On the cover of an Atlanta Project brochure is a compelling photograph.

The background features this city’s gleaming skyline, a metal-and-glass vision of a prosperous late-20th-century metropolis.

In sharp contrast is the foreground, where, underneath a raised highway, a series of makeshift shelters stand, surrounded by weeds and trash.

The picture seems to capture a metaphor former President Jimmy Carter has used to explain the mission of the Atlanta Project, the large-scale, private-sector initiative he is spearheading to improve the quality of life in the city’s poorest neighborhoods.

“Atlanta is in many ways a rich city, but the disparity between rich and poor is so great, that in effect we have here two cities,” Mr. Carter observed at a meeting of local business leaders last year.
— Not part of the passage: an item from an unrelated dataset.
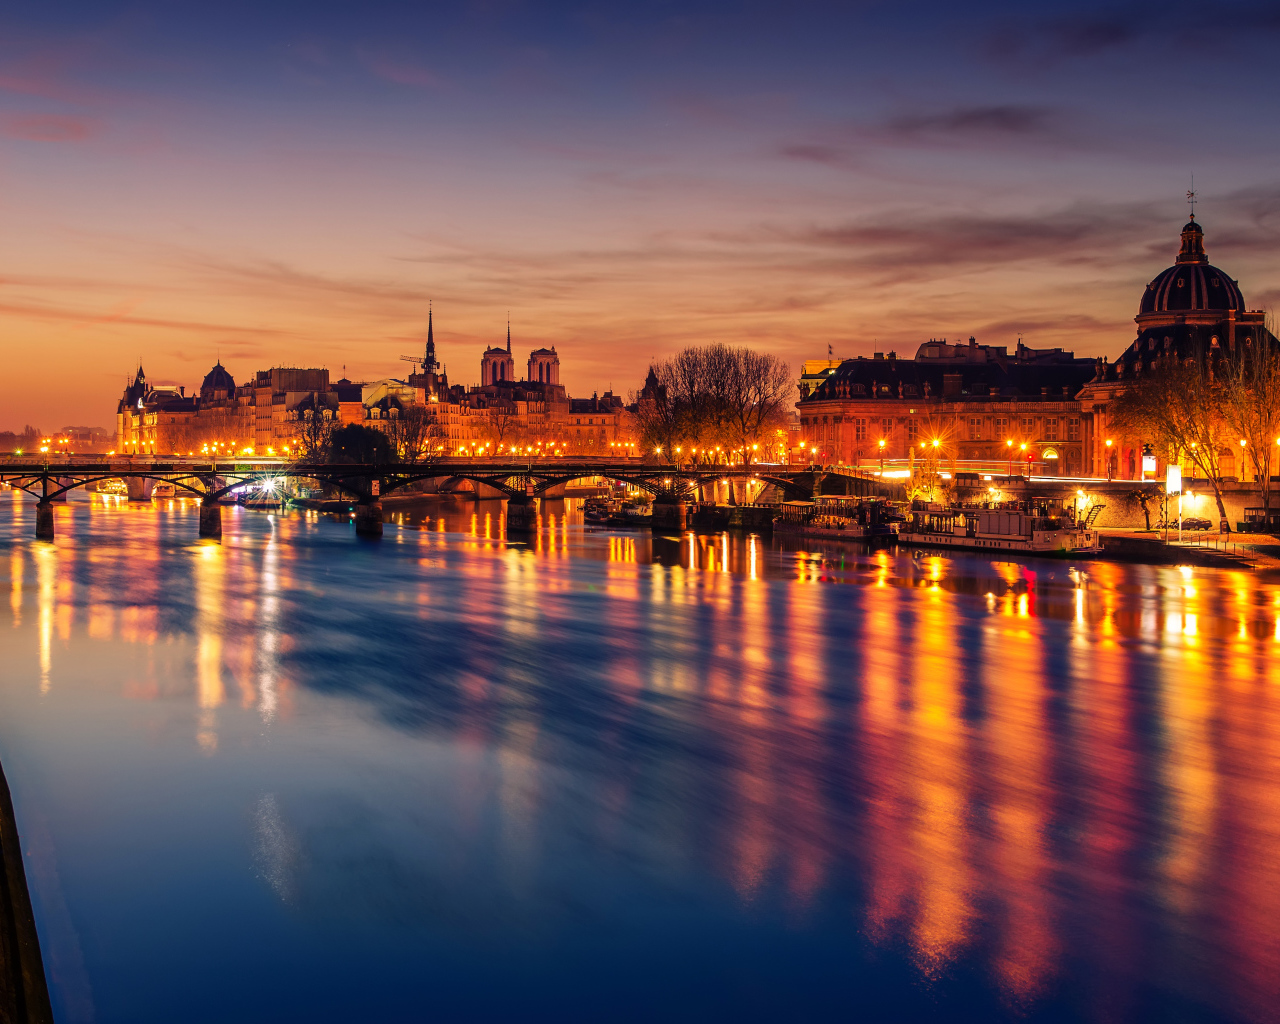 Причал у реки в свете ночных фонарей города Париж, Франция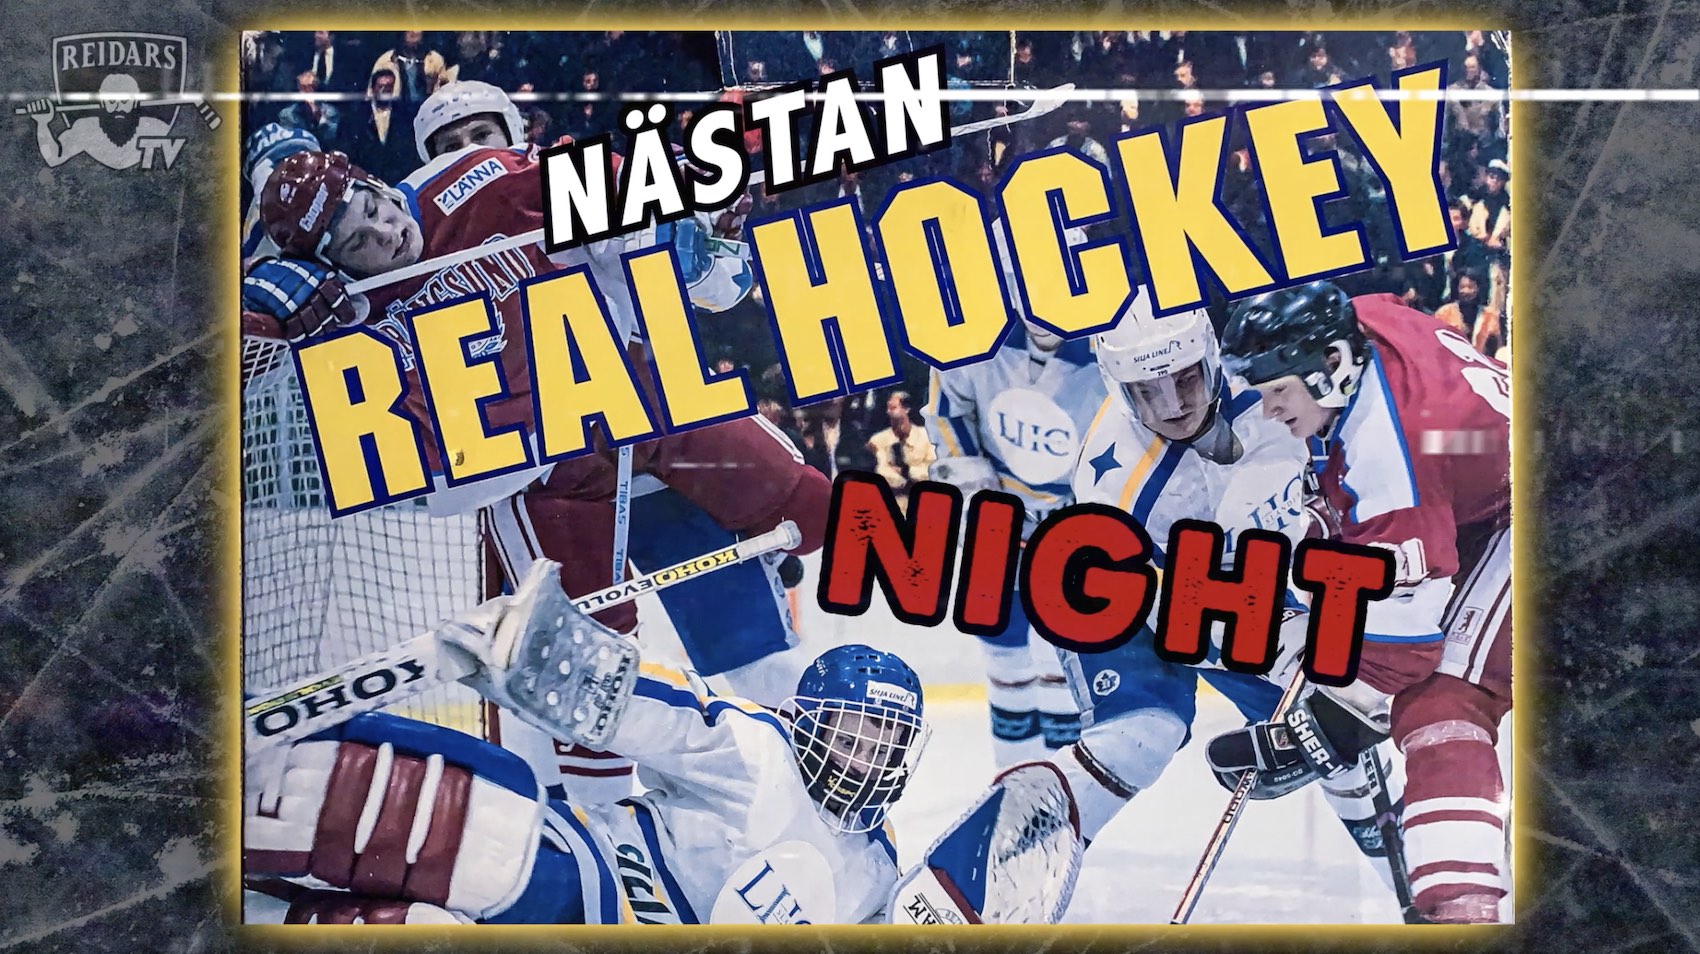 Otteluennakkovideo: ”Nästan Real Hockey Night”!

Since he left public office in 1981, Mr. Carter has gained renown for his humanitarian work both overseas and around the United States. But that work acquired an ambitious new focus in the fall of 1991, when Mr. Carter decided to turn his attention to the problem of chronic poverty here in the capital of his home state.

The creation of the Atlanta Project—an effort encompassing community and economic development, health, education, housing, and criminal justice—was spurred by a series of conversations Mr. Carter had with James Laney, the president of Emory University here.

Mr. Carter was also inspired by a visit he and his wife Rosalynn paid to Atlanta’s Grady Hospital, where they encountered a premature infant weighing barely more than a pound. The baby girl was born to a crack-addicted teenage mother who had not even known she was pregnant and had given birth on a bathroom floor.

Although the infant survived, said Gwen Davis, a spokeswoman for the Atlanta Project, today she has multiple disabilities—including vision and hearing problems—and lives in foster care.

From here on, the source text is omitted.